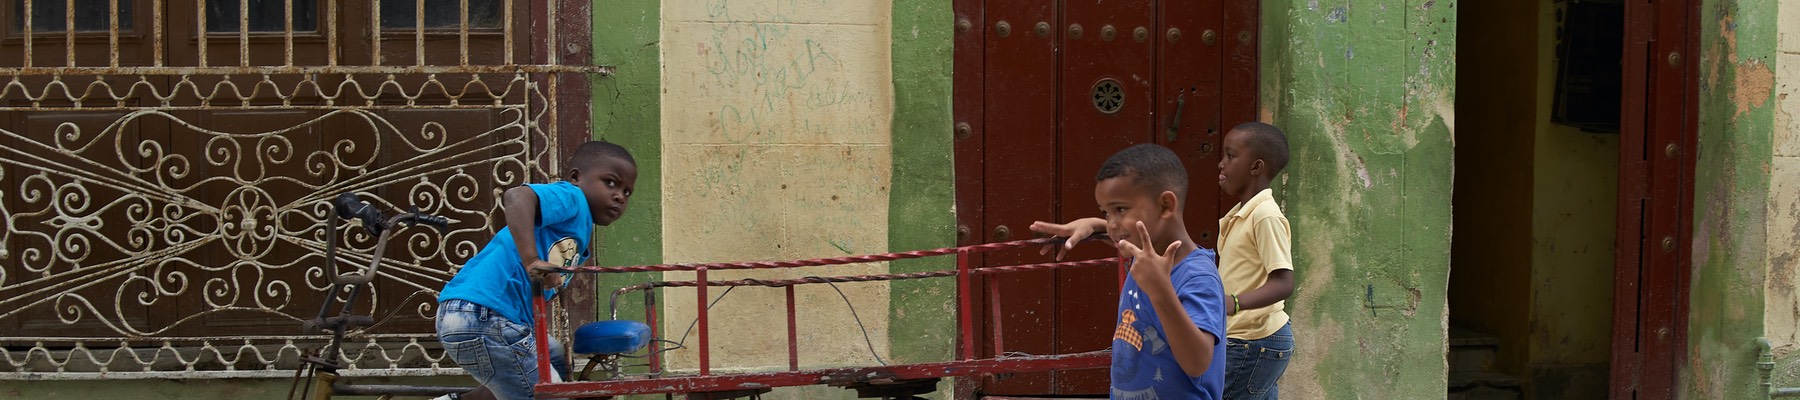 Havannai gyerekek az utcán 1
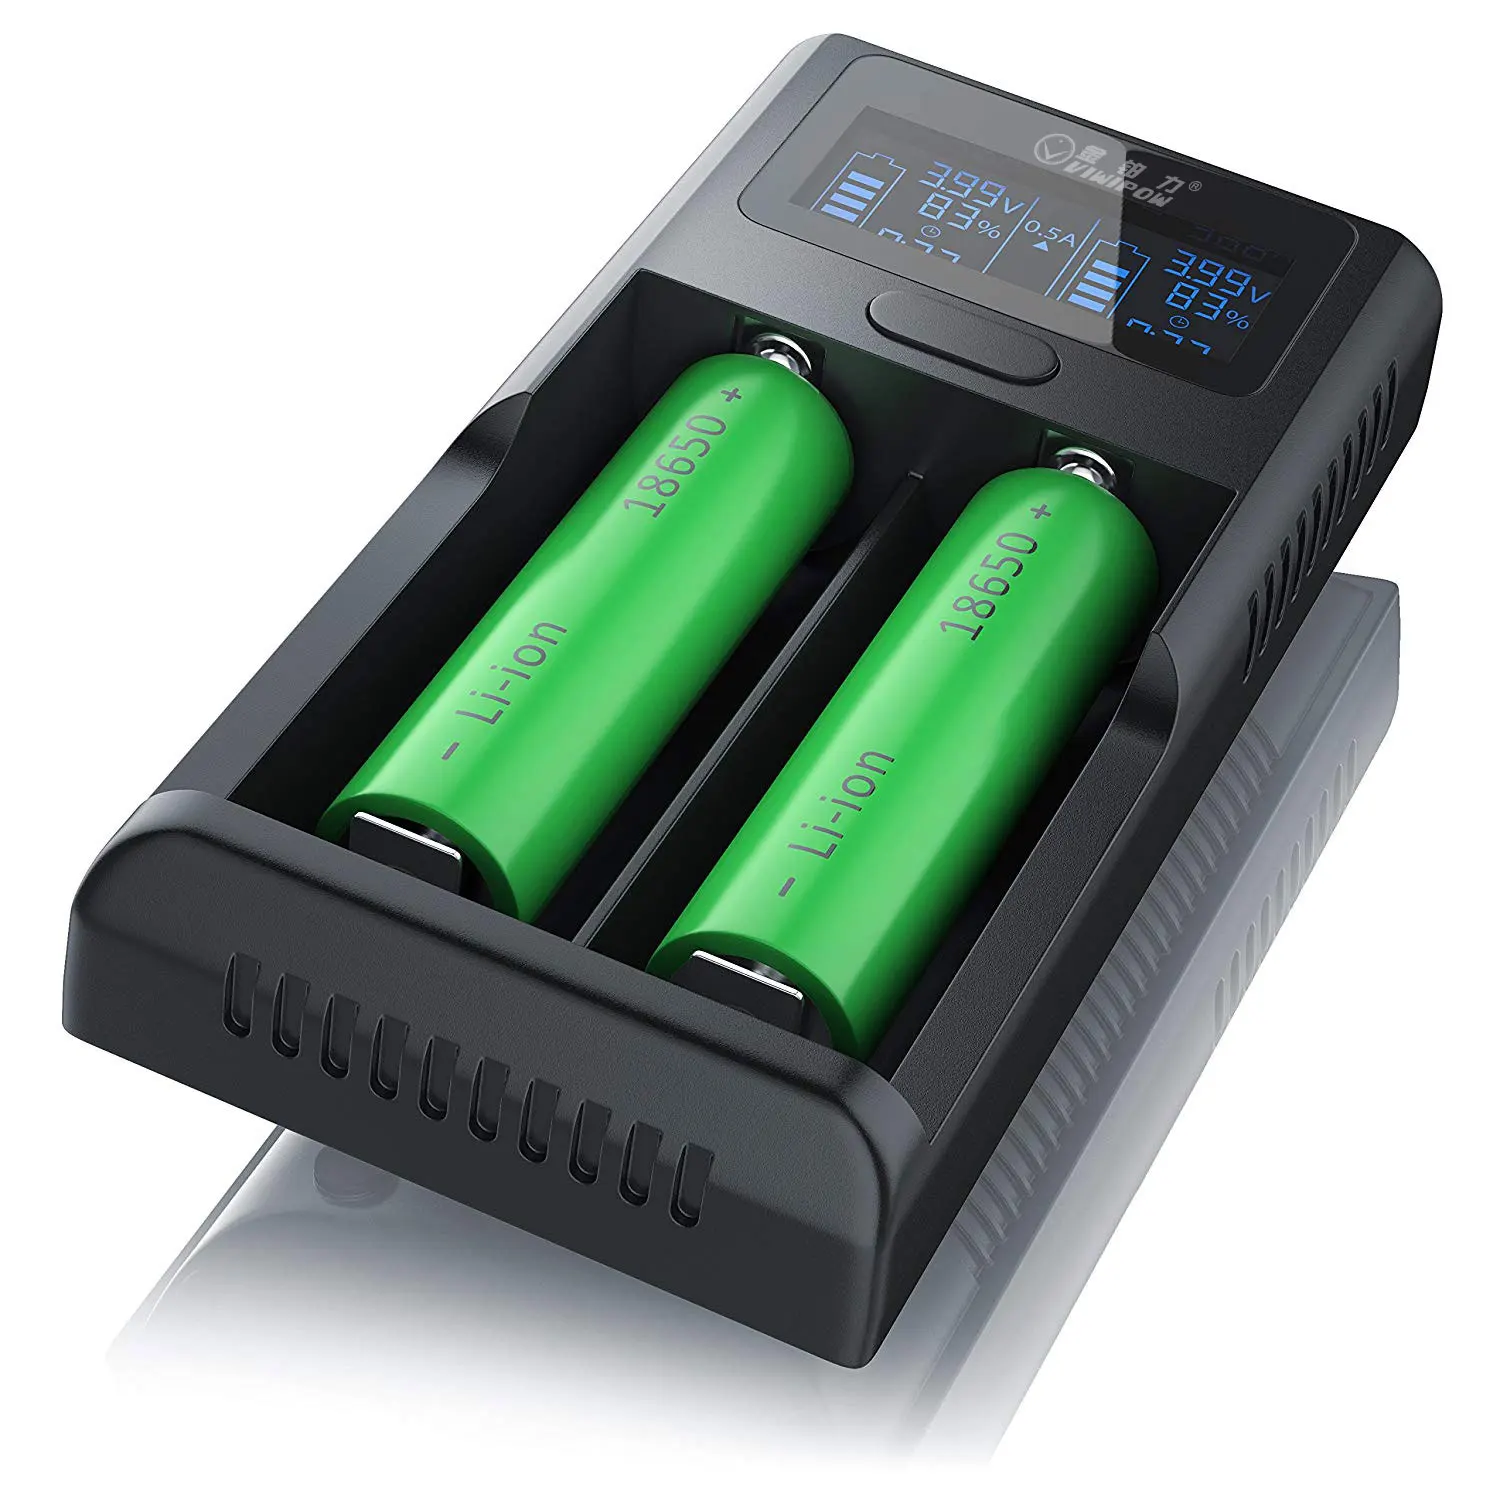 Зарядная литиевая батарея. Зарядка li-ion аккумуляторов 18650. Зарядка для АКБ 18650. Зарядка для аккумуляторных батареек 18650. Юсб зарядка 18650.
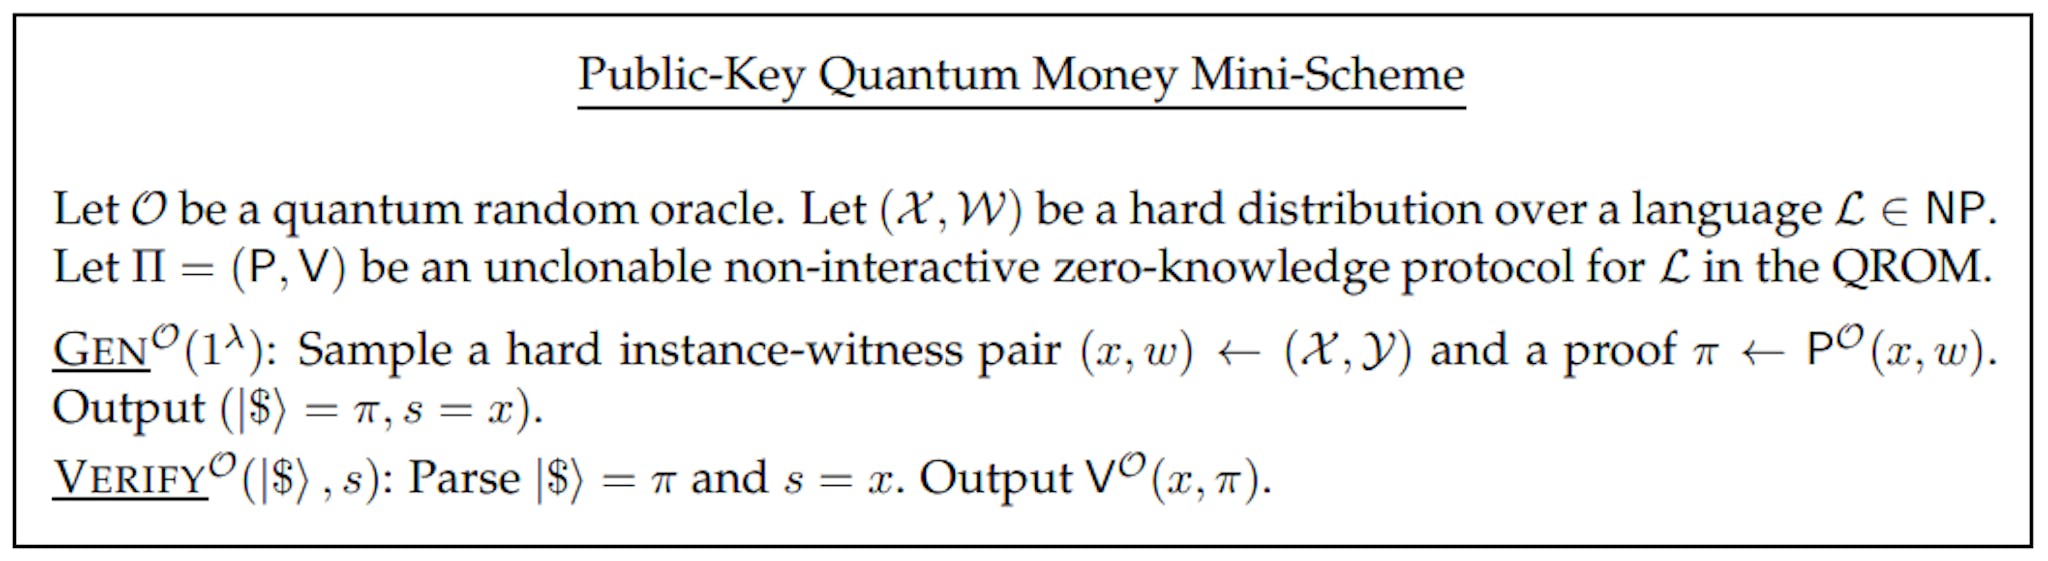 Abbildung 4: Quantengeld-Minischema mit öffentlichem Schlüssel aus einem nicht klonbaren, nicht interaktiven Quantenprotokoll

◆ ◆ ◆ ◆

Work to be completed. Your task is to retype the listing exactly, without its pictures.

Exercise response.
 Havannai gyerekek az utcán 1
 Зарядная литиевая батарея. Зарядка li-ion аккумуляторов 18650. Зарядка для АКБ 18650. Зарядка для аккумуляторных батареек 18650. Юсб зарядка 18650.
 Abbildung 4: Quantengeld-Minischema mit öffentlichem Schlüssel aus einem nicht klonbaren, nicht interaktiven Quantenprotokoll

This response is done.